Close up image of a caretaker helping older woman walk

Hospitals are working much more closely with skilled nursing facilities, aiming to form bonds and avoid costly and harmful hospital readmissions. But little is understood about how they’re creating these linkages.

Aiming to close that knowledge gap, researchers with the Brown University Center for Gerontology and Healthcare Research interviewed staff at 25 SNFs and 16 hospitals to better understand the secret sauce to successful collaboration between the two provider types. They also analyzed data from more than 290,000 patients, discharged from those hospitals between 2008 and 2015.

Although hospital-SNF collaboration requires a big administrative and clinical time investment, it can spell a big positive in patient outcomes.

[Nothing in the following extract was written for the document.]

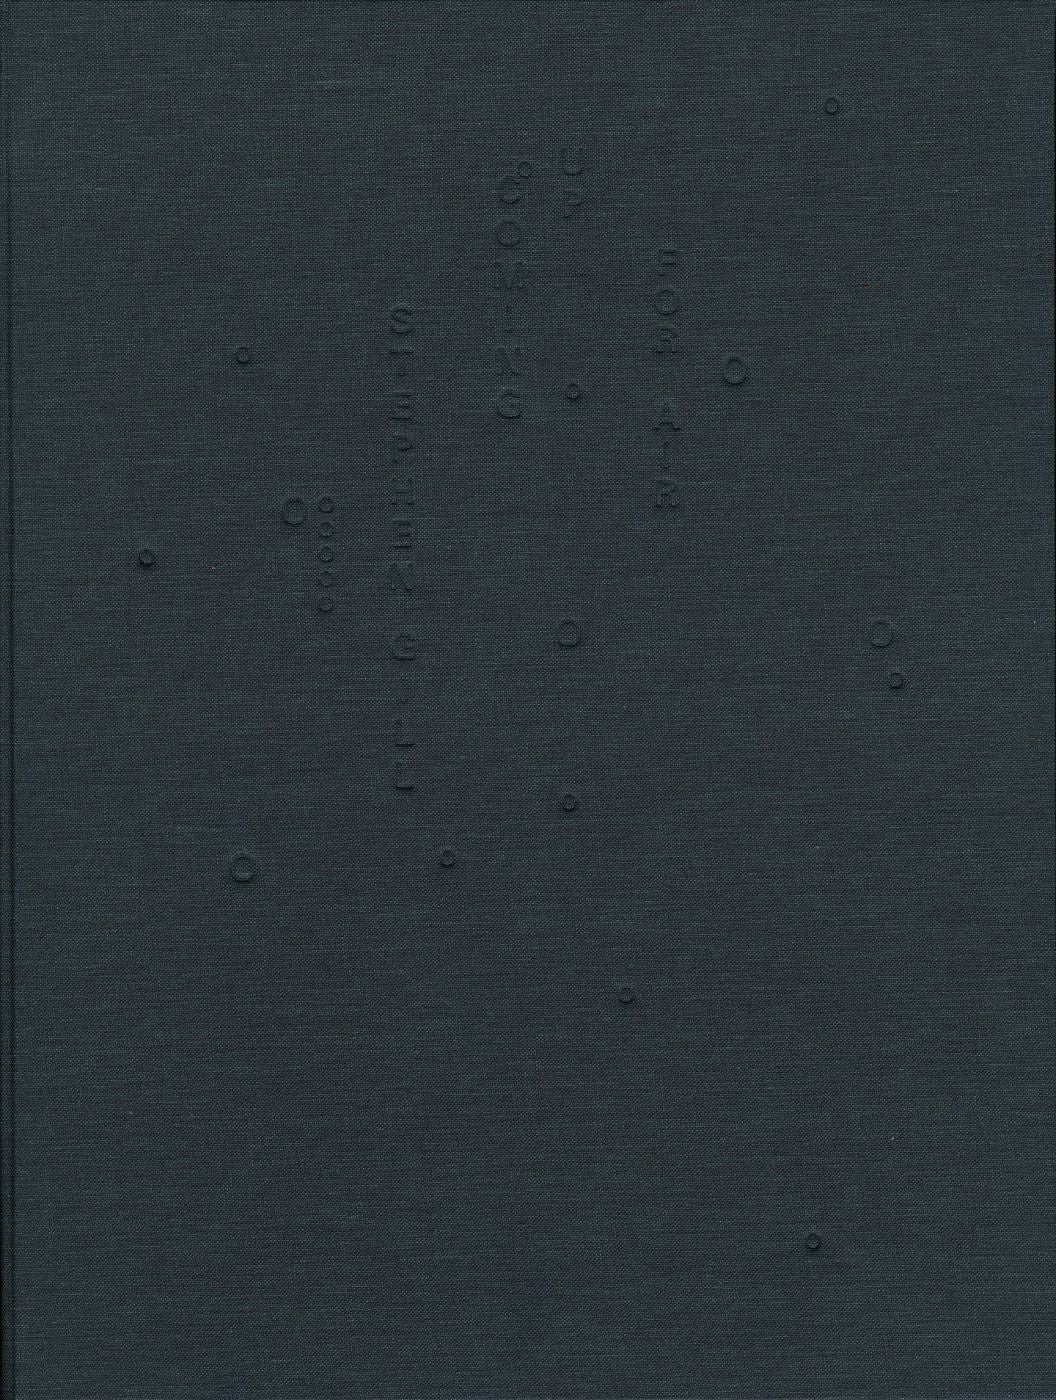 Stephen Gill: Coming Up for Air and B-Sides (Two Volumes), Limited Editions (with 2 Prints) [SIGNED]

“We determined that, as you might imagine, when hospitals and SNFs are collaborating, they are sending their patient to higher-quality SNFs, and experiencing reductions in readmissions back to the hospital,” Emily Gadbois, Ph.D., an investigator with Brown University, told McKnight’s.

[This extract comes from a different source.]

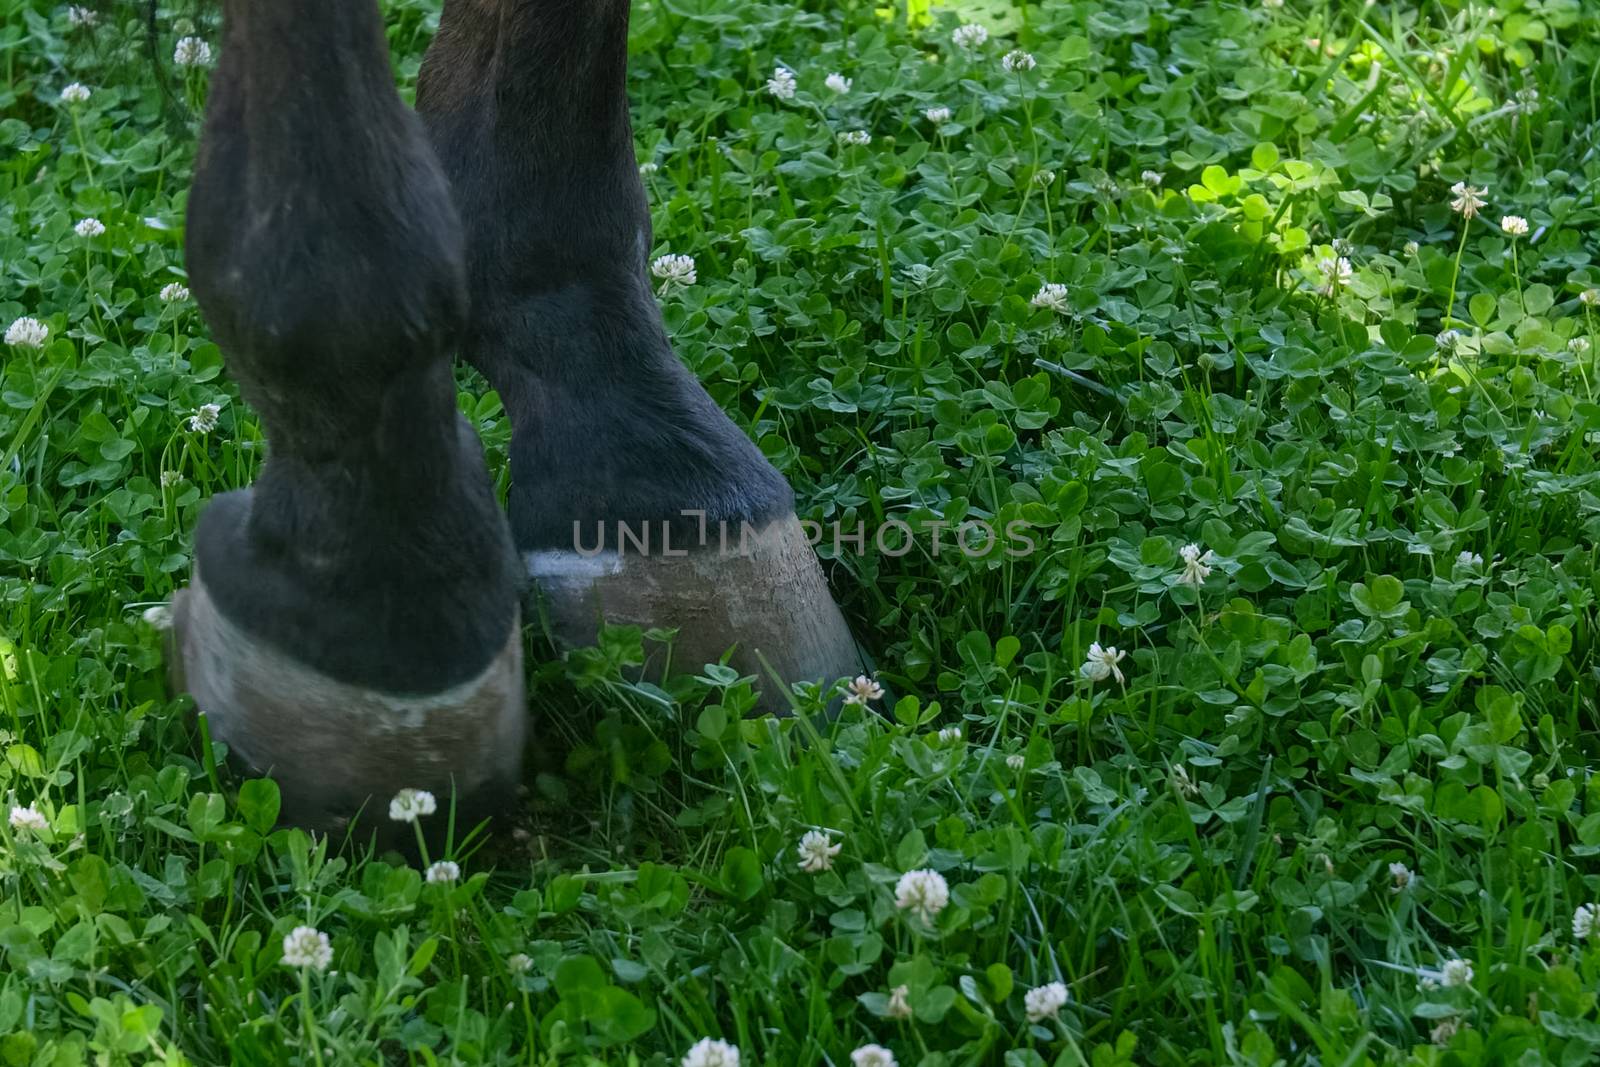 Horse hooves on the lawn. Horse grazing by nyrok

For nursing home leaders, she added, “The takeaway message is — although collaboration takes time, effort and money — it will result in better outcomes and specific ideas of ways to collaborate include focusing on improving communication around the hospital-SNF transition, sharing of staff wherever possible, specific efforts to reduce readmissions, and just getting engaged with the hospital however possible.”

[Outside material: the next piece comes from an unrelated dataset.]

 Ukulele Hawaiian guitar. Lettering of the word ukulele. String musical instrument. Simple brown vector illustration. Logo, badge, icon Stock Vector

In attempting to categorize types of collaboration, Brown researchers sorted them into three buckets:

  1. Efforts to establish SNF partners: Some hospitals sought to have strong relationships with skilled nursing facilities to which they discharged patients, according to the study.
  2. Initiatives to improve transitions to SNFs: Some hospitals made significant efforts to improve transitions to skilled care facilities. One hospital director interviewed described the systems as going beyond simply focusing on transitions to include the sharing of employees, and development of official relationships.
  3. Hospital staff at the SNF: Other hospitals went as far as placing staff members within nursing homes, in an effort to further collaborate.

Analyzing patient data, they also found that hospitals that had a higher collaboration rate with skilled care saw lower readmission rates from those SNFs at about 10%. That’s compared to “low-collaboration” hospitals, which reported a 14% readmission rate. Researchers noted that high collaboration hospitals typically had a greater availability of post-acute providers from which to choose, along with higher quality of nearby SNFs, measured in terms of their star rating. Low collaboration hospitals, meanwhile, served poorer and minority beneficiaries, and were located in markets with less availability of post-acute providers.

The study, published this week in Health Services Research, was funded by the National Institute on Aging and the Commonwealth Fund.